'Green' Movement21 Jul, 2011 By: Fred Topel
While Marvel Comics superheroes have dominated the big screen in recent years, adaptations of DC Comics properties have been less prominent. Green Lantern is the first movie based on a major DC superhero who isn’t Superman or Batman.
Though the character enjoys one of the richest mythologies in the DC canon, filmmakers couldn’t fit everything into one movie, which leaves plenty of material for home video.
“I’d never worked on a movie that required this much imagination,” says the film’s star, Ryan Reynolds. “It felt like I was a kid again.”
Reynolds plays Hal Jordan, the test pilot whose encounter with a dying alien leads to him becoming a member of the legendary Green Lantern Corps, an intergalactic team of peacekeepers armed with mystical green rings that convert willpower into energy. As such, the film is filled with space travel, alien planets and green accessories created by the rings.
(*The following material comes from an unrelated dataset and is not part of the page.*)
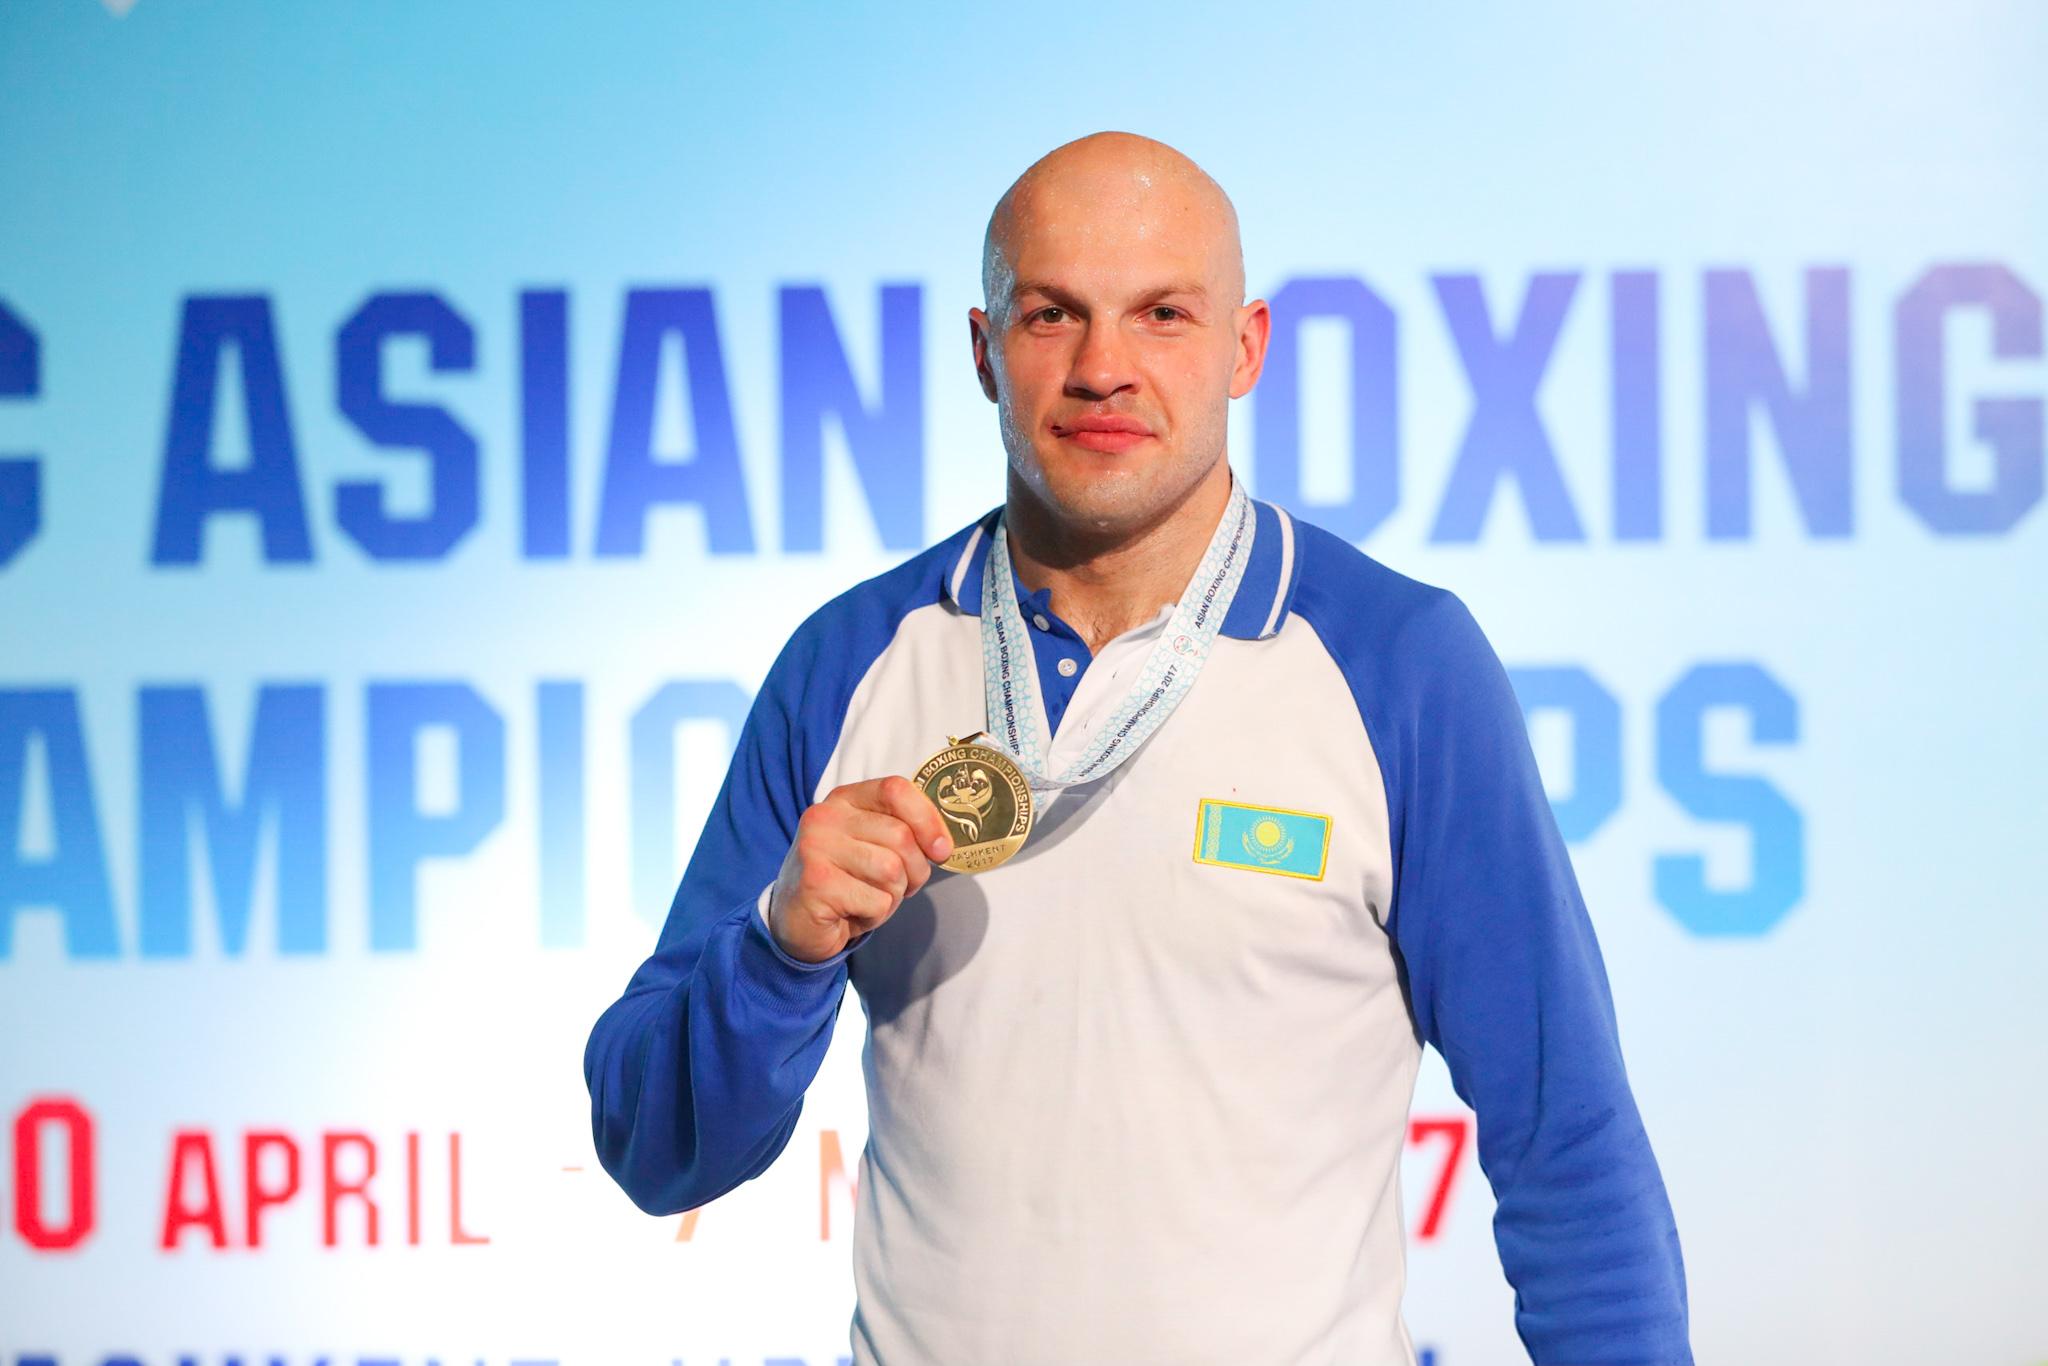 Василий Левит: «Для меня каждая медаль чемпионата Азии дорога по-своему»

“Everything you’re seeing in this world, you have to imagine,” Reynolds says. “Granted, we do have amazing people that are working behind the scenes; Grant Major, not the least of which who’s our crack production designer who created a lot of the worlds for Lord of the Rings and those things, would come down with visual references so I had an idea what I was looking at. I have to imagine what that is, and then express it through my eyes for the audience, and that was a big challenge.”
For Peter Sarsgaard, who plays the film’s villain, scientist Hector Hammond, the experience had more to do with makeup than CGI. As a result of his study of alien life, Hector’s brain grows throughout the film until he is left with a giant head. Filmmakers tried many prosthetics before what is seen in the finished film, which should provide ample fodder for behind-the-scenes material.
“We had that one that was quite large,” Sarsgaard said. “We tested one that I was like, ‘This is … I can’t.’ I couldn’t do it. That head pushed down on my eyes. I couldn’t open my eyes.”
One of the film’s producers indicated there is plenty of unused material relating to Hector’s role in the film.
“There are some nice bits that were excised from the final,” says producer Donald DeLine. “Some cool things you might see that Hector did at a certain point that didn’t make the final cut that are kind of fun. They might involve some small animals.”